Same versions as Test 12.

Modifications

Methodology

Same as prior tests:

  • Start 28 vaults on 7 pine64s
  • Time the duration to upload a large file (ubuntu-16.04-server-amd64.iso 655 MiB)
  • Repeat nine times and take median upload time

Results

The network never got started so no uploading could be done.

Observations

Resource Proof

v0.13.0 of the vault introduces another new feature besides Disjoint Sections: resource proof (ie upload speed must be at least about 6 Mbps)

Resource proof finds its way into the vault via the routing source code.

Of most interest is the verify_candidate method.

The candidate must provide a certain size of data (RESOURCE_PROOF_TARGET_SIZE = 250 MiB) in a certain amount of time (RESOURCE_PROOF_DURATION_SECS = 300 s) which ends up being a little over 6 Mbps.

This is an overly simple calculation, since there are other factors of timing to consider such as the time taken to traverse routing paths. From the source code comment: “This covers the built-in delay of the process and also allows time for the message to accumulate and be sent via four different routes”. This added complexity is very interesting from a security perspective, as it potentially allows nodes to alter the perceived performance of other nodes on their routing path. Enabling the network to ‘monitor itself’ creates many interesting considerations. The links above are a good starting point for more detail.

Private safe networks would most likely want to modify these parameters to make it faster to join the network, although at this stage the bandwidth requirement should be trivial to complete for any local network.

The implementation is quite elegent, and is easy to see how it can be extended to a cpu proof of resource.

My main doubt of the current resource proof is it uses the SHA3-256 hash function as the basis of proof (with trivial difficulty), yet the majority of current operations on the network are signature validation operations.

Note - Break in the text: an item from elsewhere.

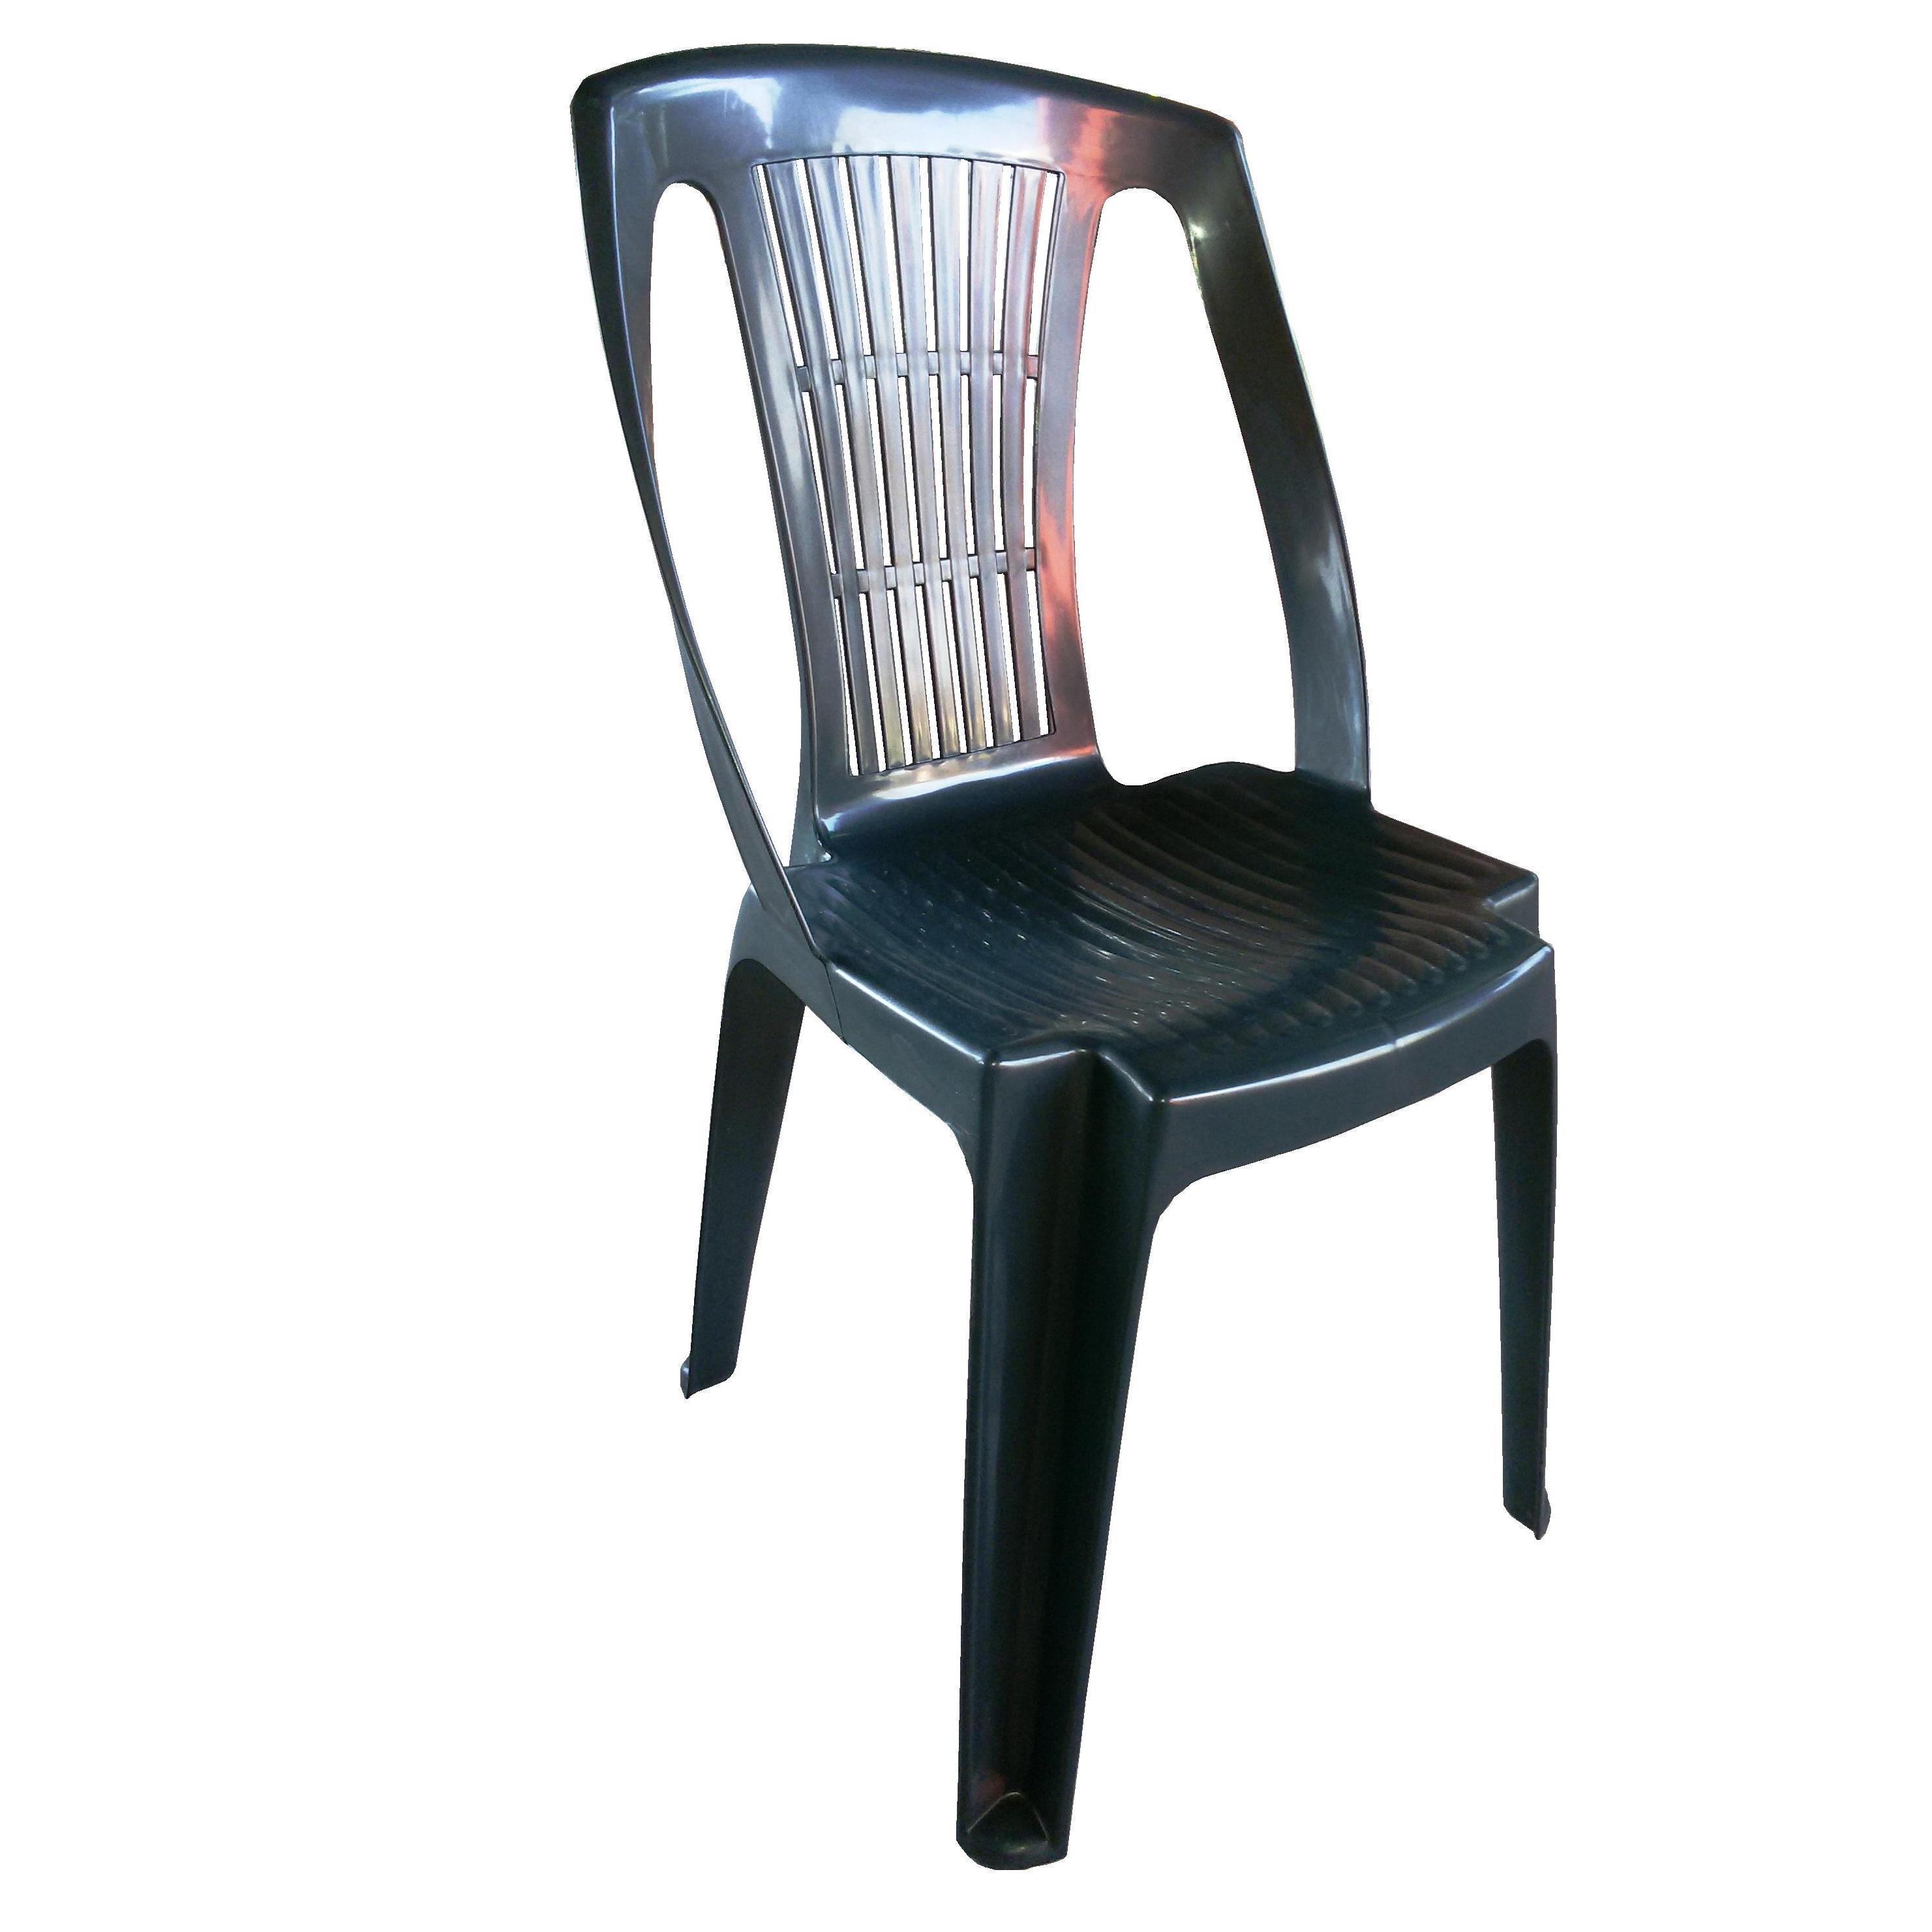 Sedie Per Esterno Plastica.Sedia In Plastica Giardino Senza Braccioli Colore Verde

The real-world performance of a node (especially one with custom hardware) depends on signature verification, so proving they have fast hashing isn’t necessarily going to determine how useful their ‘real’ performance will be on the network. Again, this is a slightly-too-simplistic look at things, but is a starting point in the consideraiton of resource proof. Hashes are perfectly useful as a means to determine bandwidth, but I have doubts about how long it will remain that way due to their disconnect with actual resource demands.

Proof Of 6 Mbps

I first tried running the vaults with the original 6 Mbps proof setting. The gigabit network should trivially handle this proof, and the logs showed the expected message:

Candidate XXXXXX… passed our challenge in 0 seconds.

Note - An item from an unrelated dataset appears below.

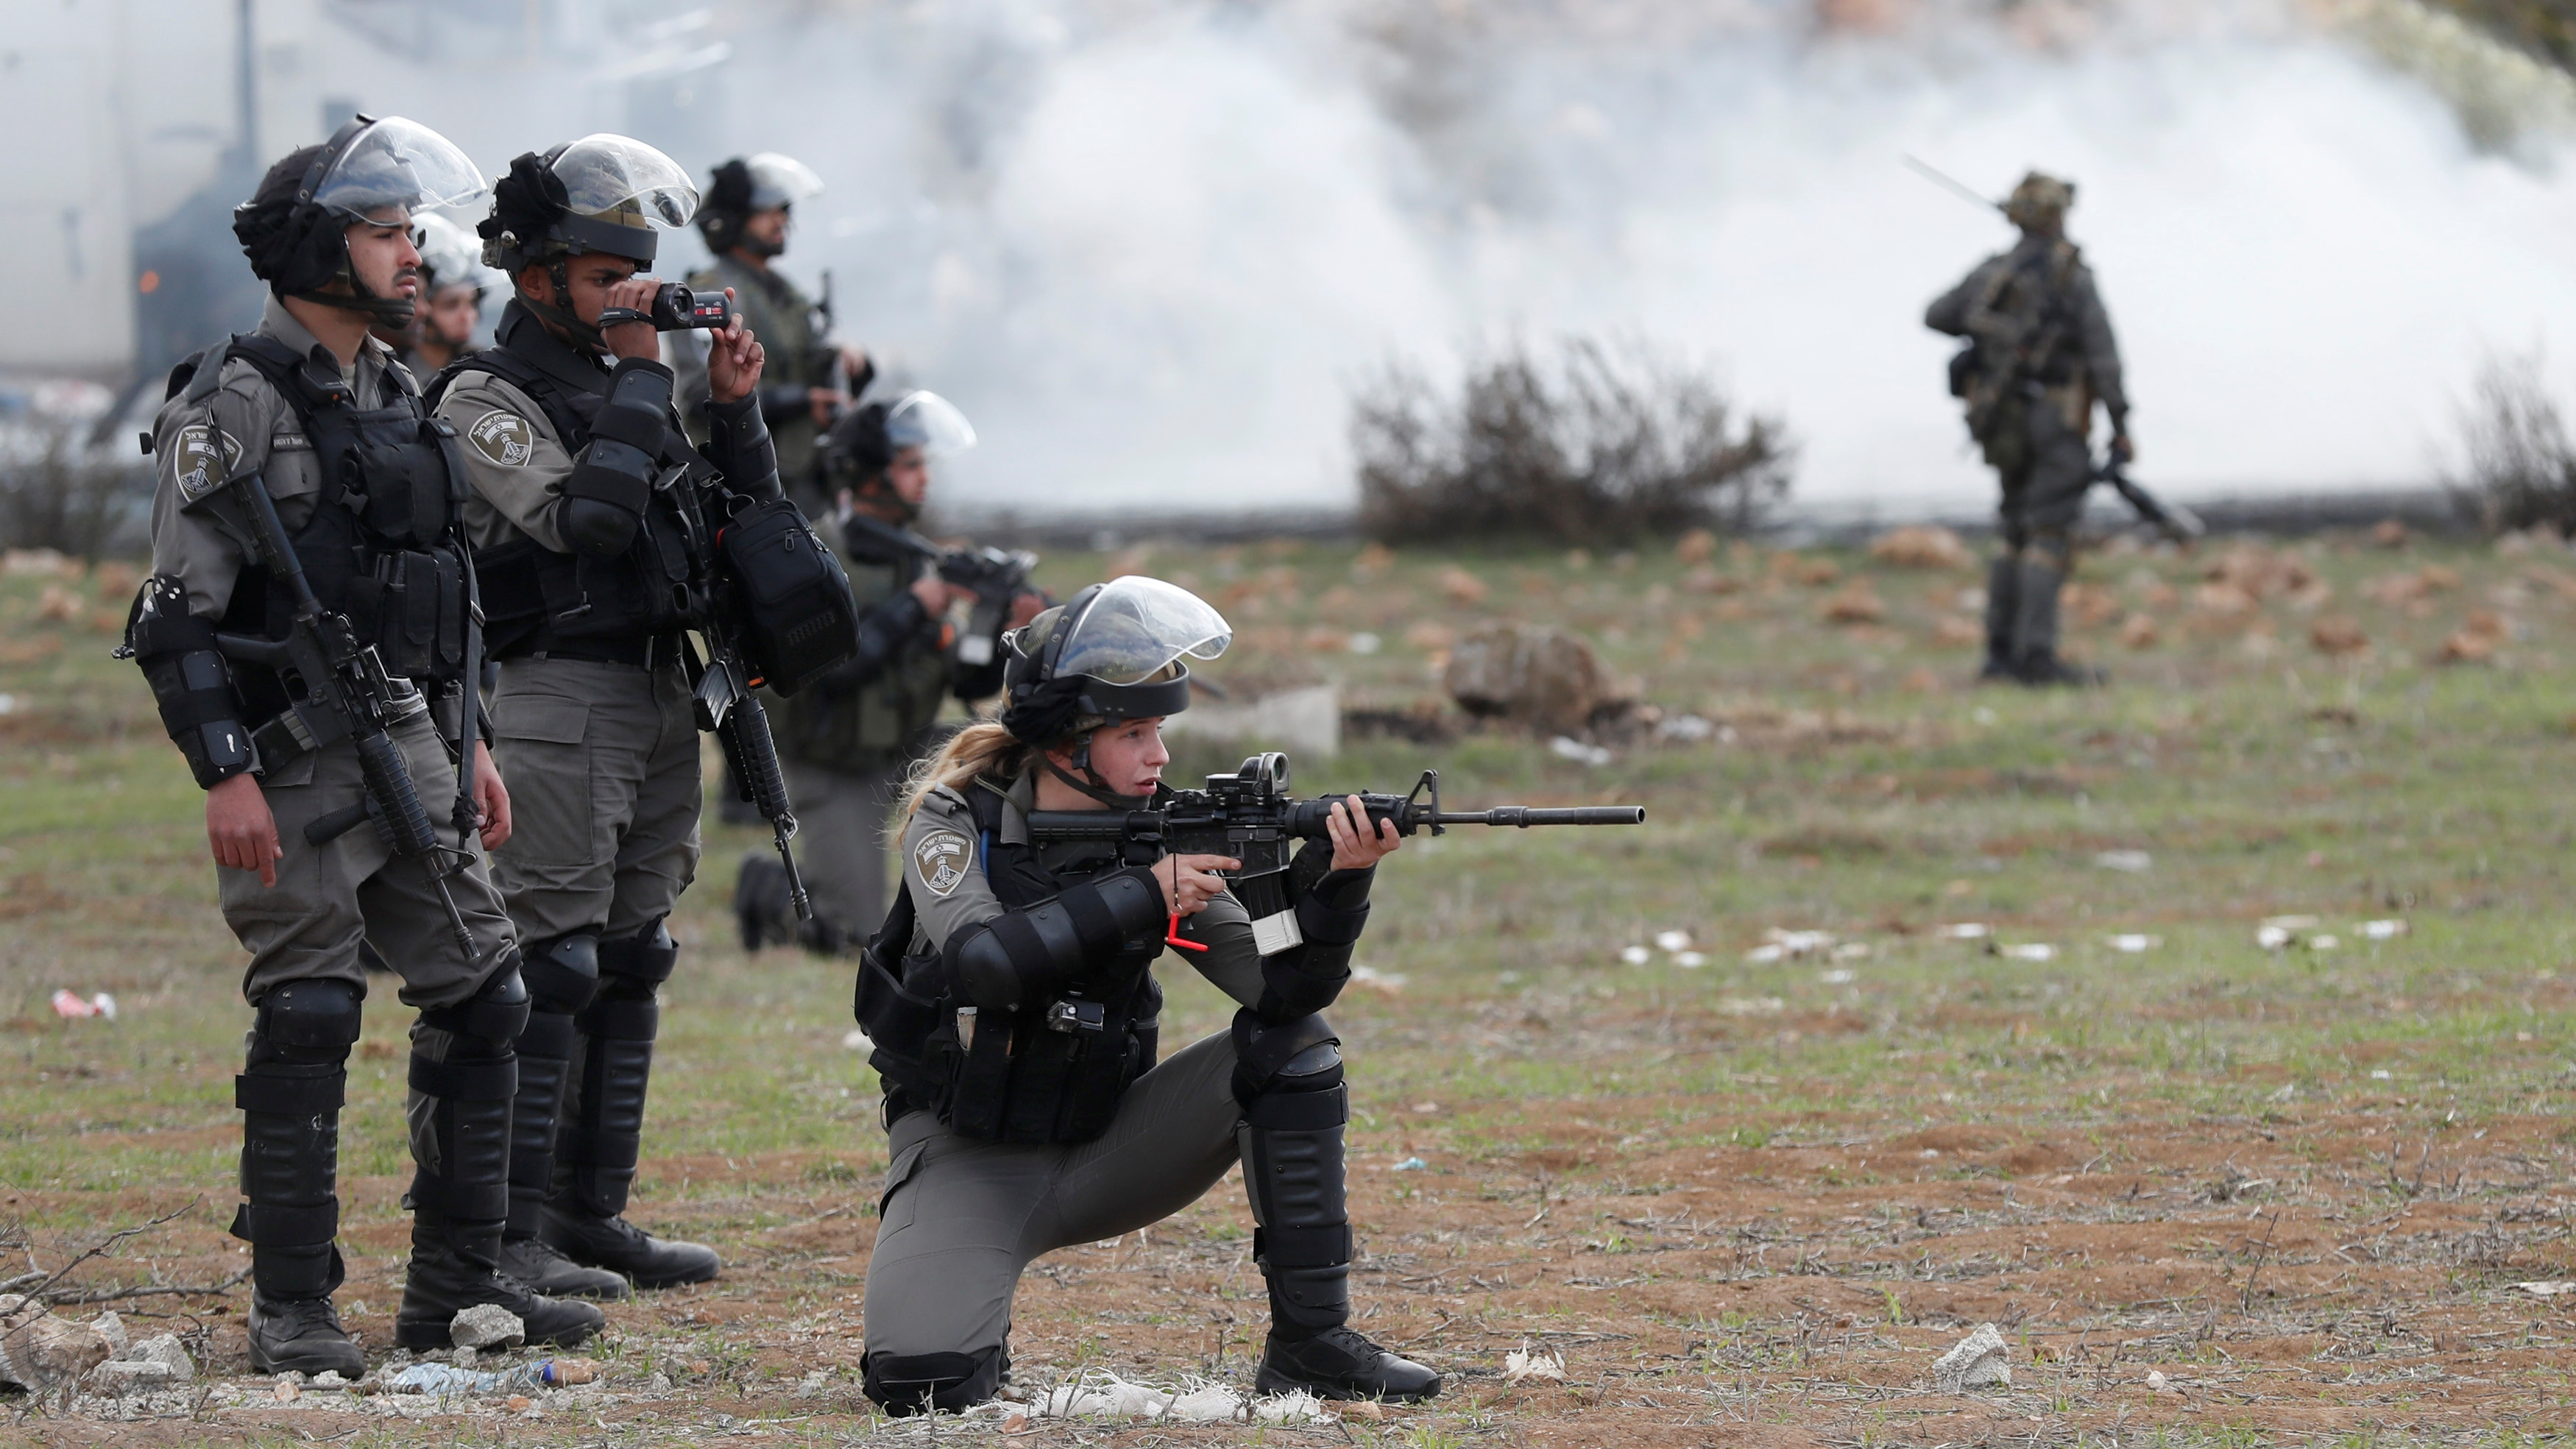 Joven palestino apuñala y mata a ciudadano estadounidense judío

However shortly after, log messages began showing the challenge taking some nodes 10+ seconds.

The consecutive times to pass the challenge from the first vault log were 0 0 1 2 2 4 7 5 8 6 10 12 8 31 18

This is still way under the 300s threshold, but the degree of variation seems like it can get quite large. It begs the question ‘what exactly causes it’ and ‘how far can it go’ and finally ‘can it be exploited by other nodes to their advantage’?

The variation is concerning to me, but resource proof is a complex topic and one I’ve only just started exploring. I’m sure there will be many interesting developments in the near future as the topic is explored further.

As to a reason for this delay… subjectively, there were a lot of log messages ‘Rejected XXXXXX… as a new candidate: still handling previous one.’ Unfortunately I don’t have the time to investigate this more deeply just now.

It’s tempting to draw conclusions from observations, but I think it’s important to take observations as-is and not make incorrect assumptions about the potential causes. I’m not familiar enough with resource proof to draw much meaning from this test, but find the observations interesting in their own right.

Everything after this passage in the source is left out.